Questionnaire investigation was a common method to evaluate the feeding practices of caregivers. Baughcum and colleagues developed the Infant Feeding Questionnaire (IFQ) related to early childhood overweight which was validated as a useful tool to assess the feeding practices of caregivers. Results suggested that there was no particular feeding style associated with overweight in young children [16]. However, in the assessment of the feeding practices in low-income African-American mothers using infant Feeding Style Questionnaire (IFSQ) which included five feeding styles, laissez-faire, restrictive, pressuring, responsive and indulgent, researchers found that pressuring or restrictive feeding style associated with energy intake and infant size was probably an important environmental factor in the development of obesity [17, 18]. These seemingly contradictory results may be due at least in part to different settings and measurements. Because feeding attitudes and behaviors may differ by cultural and socioeconomic status, feeding questionnaire as an instrument should be adapted and validated in different populations.

The aims of our study are to (1) investigate the growth of children 6–18 months; (2) evaluate the feeding practices of caregivers of children 6–18 months using developed Young Child Feeding Questionnaire (YCFQ) based on existing infant and child feeding questionnaires [16, 19, 20] combined with clinical experience; (3) investigate caregivers’ feeding attitudes and behaviors associated with infants’ weight status.

Methods

Study design and participants

This study was conducted in Kongjiang community, a typical community in downtown area of Shanghai.

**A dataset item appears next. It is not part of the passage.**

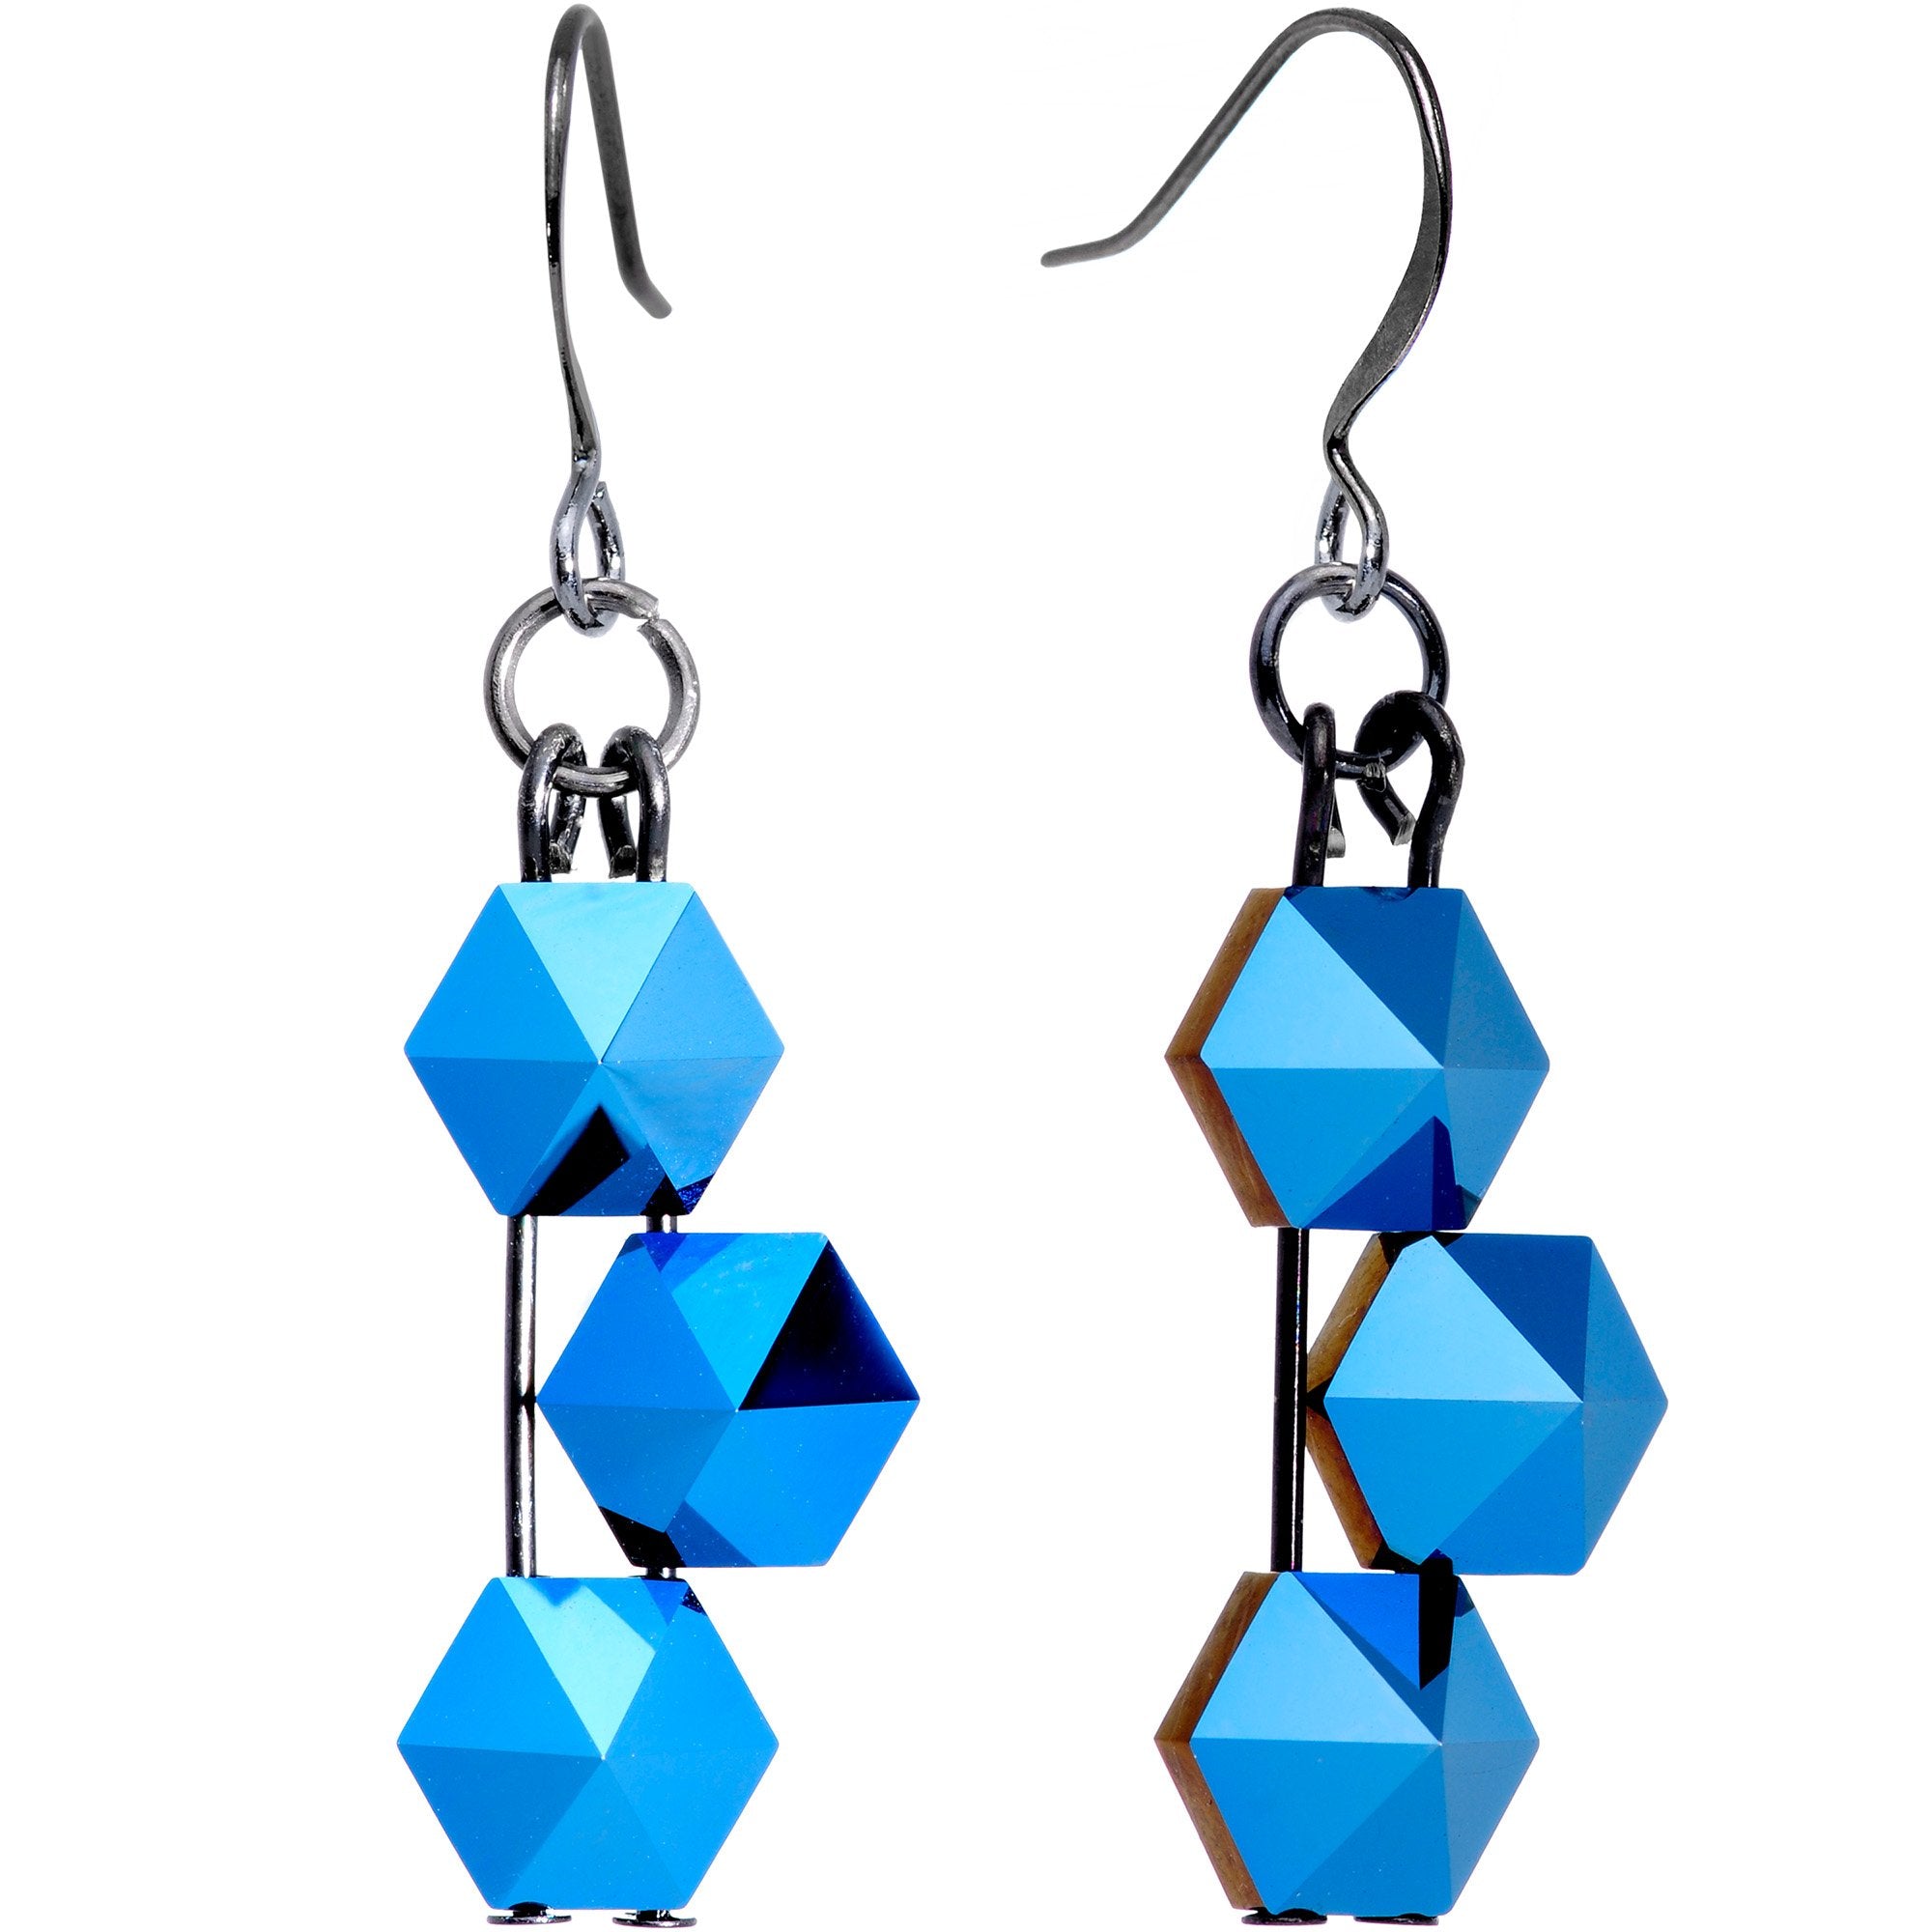 Blue Tri Pyramid Fishhook Earrings Created with Crystals

Kongjiang Community Health Center provides routine basic medical services to the local community, including well-child checks for infants and young children.

From November 2008 to April 2010, all 6-month-old infants and their parents or main caregivers receiving routine well-child check from Kongjiang Community Health Center were recruited in this study. Inclusion criteria for infants were healthy singleton infants, 6-month-old (5- to 7- month-old), born between 37 and 42 weeks gestational age, with birth weight between 2500 to 4000 g, and without metabolic or physical problems.

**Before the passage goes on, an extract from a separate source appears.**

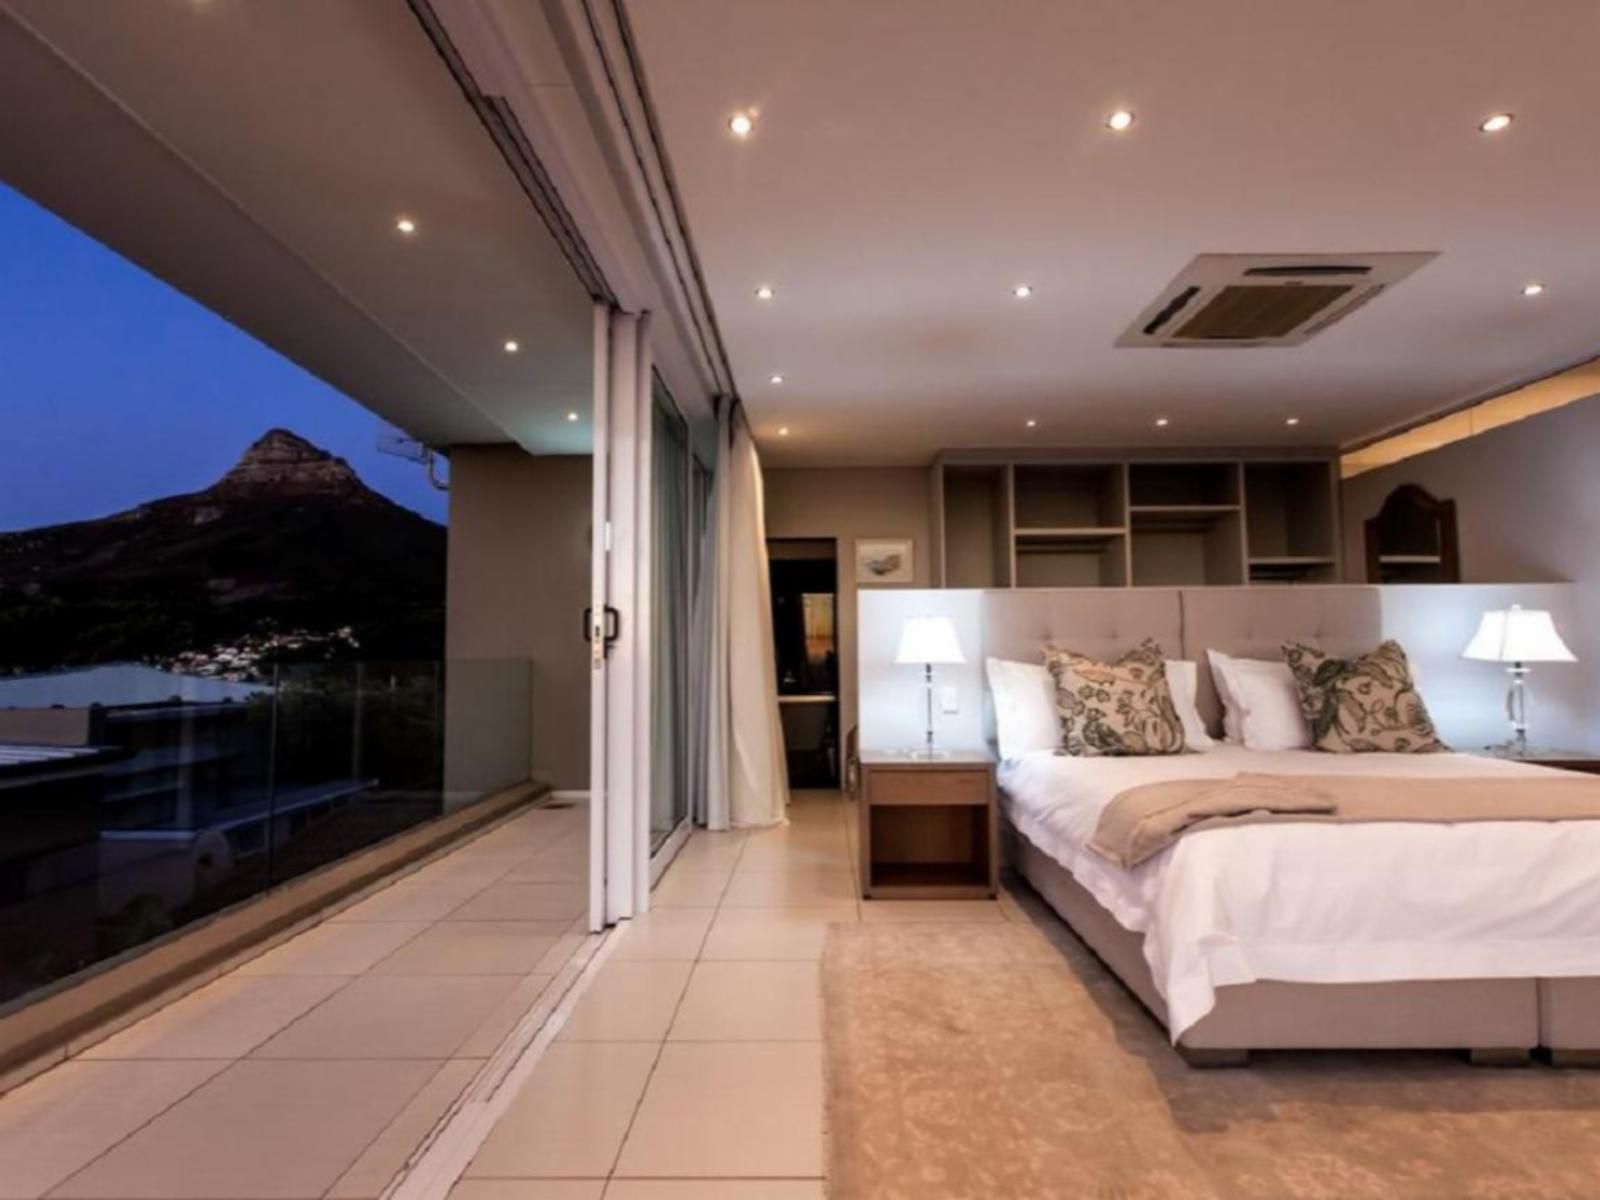 Villa On 1St Crescent Camps Bay Cape Town Western Cape South Africa Bedroom

A total of 295 infants aged 5–7 months met the inclusion criteria. Eighteen mothers refused to participate, so 277 infants and their parents or main caregivers were included in the study and followed-up every 6 months for 1 year, at around age 12 months (11–13 months) and 18 months (17–19 months). Informations of the main caregiver’s education, mother’s pre-pregnancy weight and height, and family income were collected at baseline baseline Additional file 1. Child feeding practices including feeding environment, feeding attitudes and behaviors were also assessed in follow-up questionnaire Additional file 2 at ages of 12 and 18 months. Anthropometrics were obtained at each visit.

Of the 277 infants, 80 children had incomplete data at age 18 months, 17 caregivers refused to complete the questionnaire due to a lack of time or impatience and 63 infants had missing information in the questionnaire. Only children with complete data at 6-month baseline questionnaire and at follow-up questionnaire at 18 months, and anthropometric data of 3 visits were included in the analysis, leaving a total of 197 children. Independent sample t test indicated that there were no differences in child age (P = 0.060), body mass index (BMI, in kg/m2) (P = 0.589), BMI-for-age z scores (BAZ) (P = 0.538), length-for-age z scores (LAZ) (P = 0.325) or Weight-for-age z scores (WAZ) (P = 0.287) of the 80 children excluded versus the 197 children who completed the study at age 18 months.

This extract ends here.